Collective intelligence is a general term for intelligence that emerges from the collaboration and competition of many individuals in a group. A group of people is not only more powerful and stronger than a single person, it can also act smarter than a single individual. A crowd for example can show surprising levels of wisdom ("The Wisdom of the Crowd") if there is a large variety in personal opinions. A swarm can exhibit fascinating forms of swarm intelligence.
Collective and swarm intelligence can be found in all animal groups, even among insects, one of the most ancient animal types. Among humans it has existed since the first humans appeared on earth. Tribes of hunter-gatherers, ancient cultures, modern nations, and large corporations all act collectively with varying degrees of intelligence. New communication technologies now have enabled new forms of collective intelligence. Today the internet allows a huge number of people all over the world to work together on a single project. Wikipedia is the best example for such a distributed collaboration.
Followers in a social network can form a kind of hive mind, an emergent property of apparent sentience that arises from the behaviors of a group of individuals which share a certain interest. Such a group can react faster and may have deeper knowledge than any individual.
Advantages of the Collective
Increased vigilance and faster reaction
A collective can make faster and more accurate decisions through collective vigilance. A recent paper in PNAS shows that groups make faster and more accurate decisions the larger they are (presumably up to a limit). The primary reason is that larger groups have "more eyes" than smaller groups. As long as information transmission through groups is not significantly delayed, larger is better.
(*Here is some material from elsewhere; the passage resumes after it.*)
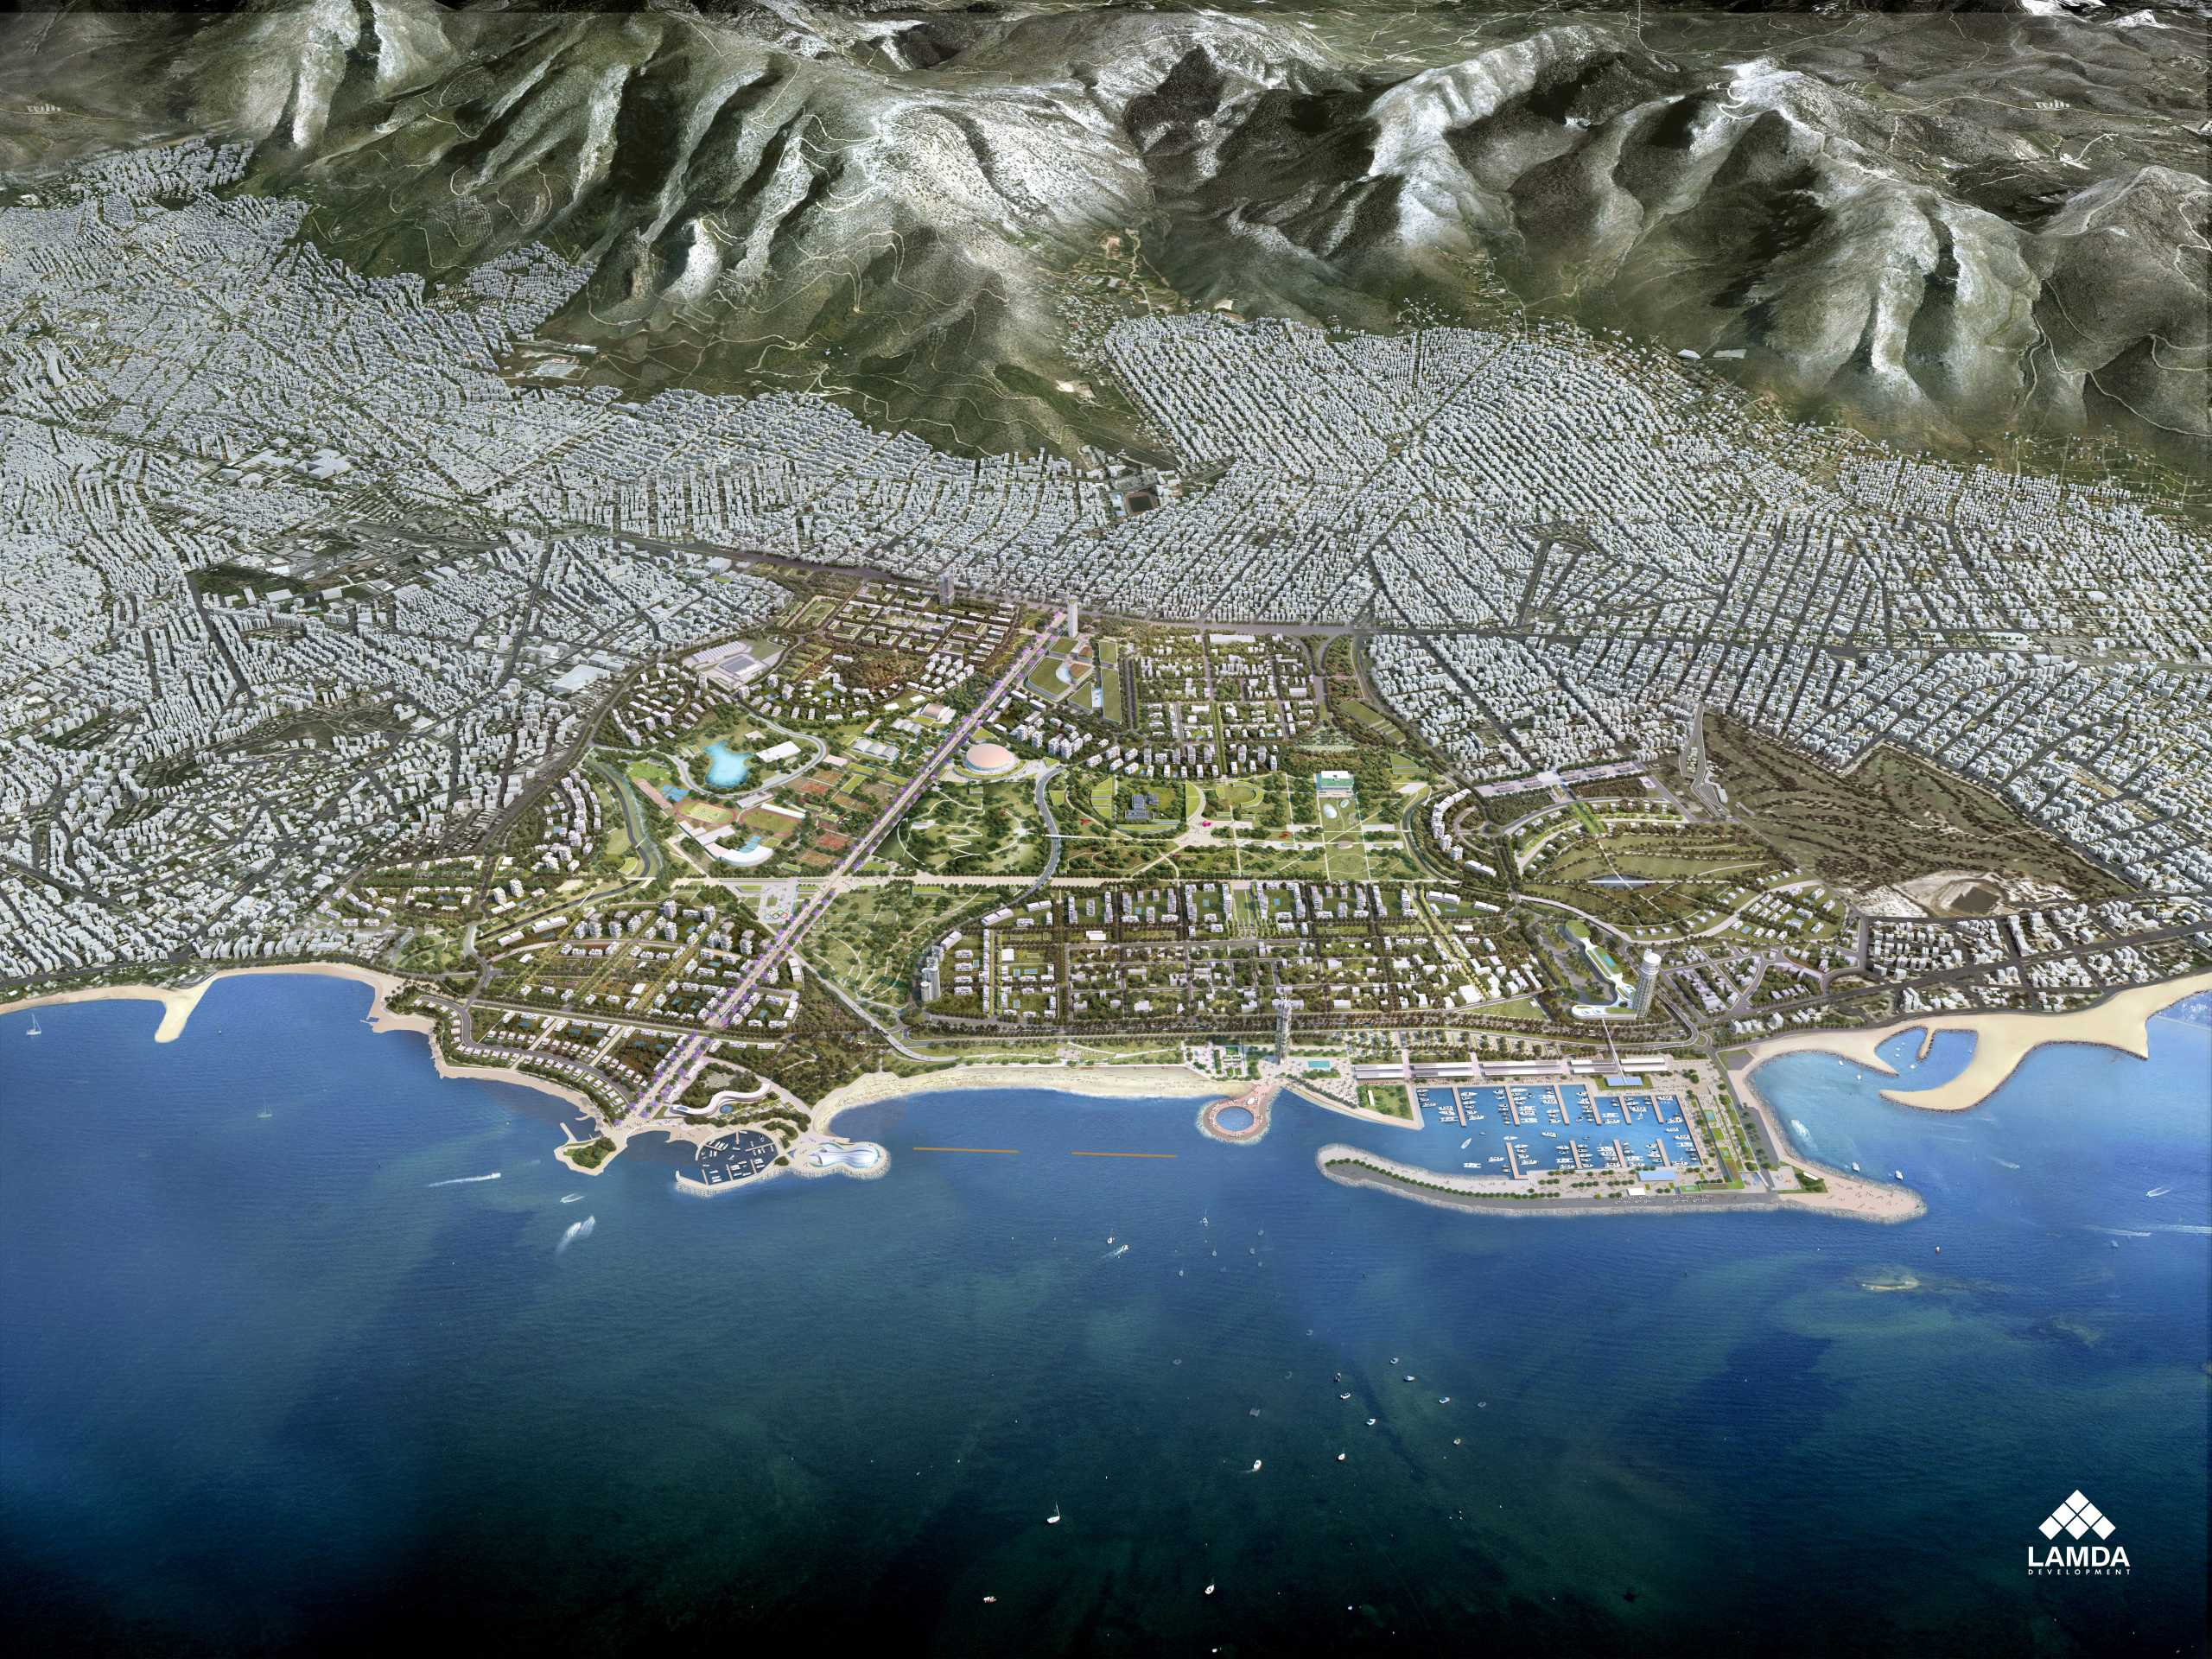 Lamda Development: Νέες συνεργασίες για το Ελληνικό προ των πυλών

More resources and deeper knowledge
A large group has access to more information, more resources and deeper knowledge, especially if the diversity of the group is high and there are a large number of different experts in the group. This advantage is used in crowdsourcing. Key factors for collective intelligence are diversity, independence, and decentralization.
- Ashley J.W. Ward et al., Fast and accurate decisions through collective vigilance in fish shoals, PNAS Vol. 108 No. 6 (2011) 2312-2315
- Iain D. Couzin, Collective cognition in animal groups, Trends Cogn Sci 13 (2009) 36–43.